** EXCERPTED RECORDS follows **
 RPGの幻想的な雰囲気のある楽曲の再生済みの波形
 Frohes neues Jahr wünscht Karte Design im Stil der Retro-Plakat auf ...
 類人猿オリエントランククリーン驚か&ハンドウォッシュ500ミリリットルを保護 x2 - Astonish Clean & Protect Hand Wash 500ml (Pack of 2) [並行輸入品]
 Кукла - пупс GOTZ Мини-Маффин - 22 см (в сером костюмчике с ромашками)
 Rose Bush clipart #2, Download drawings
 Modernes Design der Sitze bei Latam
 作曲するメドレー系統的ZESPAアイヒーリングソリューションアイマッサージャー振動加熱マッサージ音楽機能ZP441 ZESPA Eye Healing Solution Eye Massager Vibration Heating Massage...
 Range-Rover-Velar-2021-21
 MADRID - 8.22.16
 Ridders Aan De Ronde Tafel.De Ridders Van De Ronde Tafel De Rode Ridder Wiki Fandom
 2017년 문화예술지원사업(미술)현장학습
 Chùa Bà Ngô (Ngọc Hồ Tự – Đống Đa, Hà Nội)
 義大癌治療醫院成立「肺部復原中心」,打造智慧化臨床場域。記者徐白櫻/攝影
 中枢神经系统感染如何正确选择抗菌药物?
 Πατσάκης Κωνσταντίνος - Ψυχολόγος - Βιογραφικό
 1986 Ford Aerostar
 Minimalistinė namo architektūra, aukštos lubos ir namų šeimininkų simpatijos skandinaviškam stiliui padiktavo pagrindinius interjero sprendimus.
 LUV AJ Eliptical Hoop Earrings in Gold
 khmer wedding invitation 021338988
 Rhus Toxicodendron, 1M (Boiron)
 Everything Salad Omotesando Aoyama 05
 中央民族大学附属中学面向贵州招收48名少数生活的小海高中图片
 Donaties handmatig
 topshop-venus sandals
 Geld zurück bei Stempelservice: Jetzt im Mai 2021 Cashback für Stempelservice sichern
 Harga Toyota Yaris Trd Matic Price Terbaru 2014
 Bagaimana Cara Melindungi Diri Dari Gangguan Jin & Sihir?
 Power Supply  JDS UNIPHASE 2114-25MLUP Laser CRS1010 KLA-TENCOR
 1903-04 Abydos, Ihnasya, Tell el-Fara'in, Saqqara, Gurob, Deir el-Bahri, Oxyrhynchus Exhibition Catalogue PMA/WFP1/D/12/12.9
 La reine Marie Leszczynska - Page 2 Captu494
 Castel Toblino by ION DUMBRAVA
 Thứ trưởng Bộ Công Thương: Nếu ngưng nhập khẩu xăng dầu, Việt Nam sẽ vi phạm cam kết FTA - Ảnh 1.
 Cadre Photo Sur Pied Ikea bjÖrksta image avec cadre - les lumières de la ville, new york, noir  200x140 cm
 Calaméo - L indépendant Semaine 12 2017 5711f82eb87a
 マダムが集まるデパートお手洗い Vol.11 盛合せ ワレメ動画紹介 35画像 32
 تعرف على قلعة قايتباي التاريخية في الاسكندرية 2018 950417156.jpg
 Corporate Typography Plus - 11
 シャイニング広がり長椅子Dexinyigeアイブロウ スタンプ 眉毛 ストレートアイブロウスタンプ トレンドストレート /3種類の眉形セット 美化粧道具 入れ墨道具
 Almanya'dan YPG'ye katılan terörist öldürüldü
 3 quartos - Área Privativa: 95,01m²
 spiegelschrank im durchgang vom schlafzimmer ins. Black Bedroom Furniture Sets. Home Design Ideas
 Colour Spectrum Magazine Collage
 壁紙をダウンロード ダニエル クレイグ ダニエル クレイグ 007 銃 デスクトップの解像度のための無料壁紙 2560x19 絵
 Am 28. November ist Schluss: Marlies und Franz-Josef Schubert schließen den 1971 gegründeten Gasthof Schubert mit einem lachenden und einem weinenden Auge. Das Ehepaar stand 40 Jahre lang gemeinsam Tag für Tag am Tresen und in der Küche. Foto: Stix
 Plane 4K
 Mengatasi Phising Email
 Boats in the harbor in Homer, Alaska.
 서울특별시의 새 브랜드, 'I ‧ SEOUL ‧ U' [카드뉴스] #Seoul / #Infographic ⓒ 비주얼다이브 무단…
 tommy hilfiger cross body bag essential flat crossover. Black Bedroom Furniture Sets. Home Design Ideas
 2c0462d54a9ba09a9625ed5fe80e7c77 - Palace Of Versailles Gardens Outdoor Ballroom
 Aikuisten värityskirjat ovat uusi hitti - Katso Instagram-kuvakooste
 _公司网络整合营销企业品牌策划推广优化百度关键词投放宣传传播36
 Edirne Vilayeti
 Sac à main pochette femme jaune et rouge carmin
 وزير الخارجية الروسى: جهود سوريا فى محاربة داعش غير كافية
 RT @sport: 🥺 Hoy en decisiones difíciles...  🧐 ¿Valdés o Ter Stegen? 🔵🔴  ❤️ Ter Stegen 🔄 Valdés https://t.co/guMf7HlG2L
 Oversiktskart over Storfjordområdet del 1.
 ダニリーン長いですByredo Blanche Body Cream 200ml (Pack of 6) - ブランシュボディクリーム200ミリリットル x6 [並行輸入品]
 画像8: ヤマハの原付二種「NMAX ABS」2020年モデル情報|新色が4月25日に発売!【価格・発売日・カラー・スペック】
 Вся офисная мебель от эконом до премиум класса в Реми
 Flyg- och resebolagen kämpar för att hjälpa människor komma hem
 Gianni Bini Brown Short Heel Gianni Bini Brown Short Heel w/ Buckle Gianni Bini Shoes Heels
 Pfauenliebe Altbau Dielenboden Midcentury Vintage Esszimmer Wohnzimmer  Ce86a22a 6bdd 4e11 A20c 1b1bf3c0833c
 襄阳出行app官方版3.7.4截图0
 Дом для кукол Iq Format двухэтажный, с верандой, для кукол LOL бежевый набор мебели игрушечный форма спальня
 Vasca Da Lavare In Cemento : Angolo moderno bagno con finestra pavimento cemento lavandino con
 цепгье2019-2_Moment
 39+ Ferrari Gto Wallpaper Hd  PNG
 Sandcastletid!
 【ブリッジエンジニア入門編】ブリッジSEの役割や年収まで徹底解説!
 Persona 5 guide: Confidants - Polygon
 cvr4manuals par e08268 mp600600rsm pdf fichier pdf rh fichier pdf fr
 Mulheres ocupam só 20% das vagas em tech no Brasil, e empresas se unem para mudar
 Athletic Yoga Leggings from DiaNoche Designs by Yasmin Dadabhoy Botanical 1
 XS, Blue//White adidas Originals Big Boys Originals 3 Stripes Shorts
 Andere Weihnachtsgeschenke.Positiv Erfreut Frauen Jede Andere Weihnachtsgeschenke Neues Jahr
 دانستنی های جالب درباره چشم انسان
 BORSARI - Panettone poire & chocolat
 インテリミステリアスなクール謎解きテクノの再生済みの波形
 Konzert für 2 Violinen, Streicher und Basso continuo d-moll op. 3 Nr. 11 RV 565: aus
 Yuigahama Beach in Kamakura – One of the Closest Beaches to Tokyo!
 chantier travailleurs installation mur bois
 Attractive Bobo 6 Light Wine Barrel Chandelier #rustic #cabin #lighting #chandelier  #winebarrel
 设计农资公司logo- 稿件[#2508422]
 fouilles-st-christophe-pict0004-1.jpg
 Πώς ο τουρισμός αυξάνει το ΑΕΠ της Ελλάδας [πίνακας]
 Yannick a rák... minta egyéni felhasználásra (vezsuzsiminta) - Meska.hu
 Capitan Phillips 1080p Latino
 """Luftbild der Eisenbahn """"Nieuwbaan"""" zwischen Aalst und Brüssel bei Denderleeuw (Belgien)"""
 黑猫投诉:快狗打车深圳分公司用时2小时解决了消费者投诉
** End of EXCERPTED RECORDS **
- TRY IT:
Take each line above that contains "並行輸入品" and copy it out.

- ANSWER TO THE PROBLEM:
 類人猿オリエントランククリーン驚か&ハンドウォッシュ500ミリリットルを保護 x2 - Astonish Clean & Protect Hand Wash 500ml (Pack of 2) [並行輸入品]
 ダニリーン長いですByredo Blanche Body Cream 200ml (Pack of 6) - ブランシュボディクリーム200ミリリットル x6 [並行輸入品]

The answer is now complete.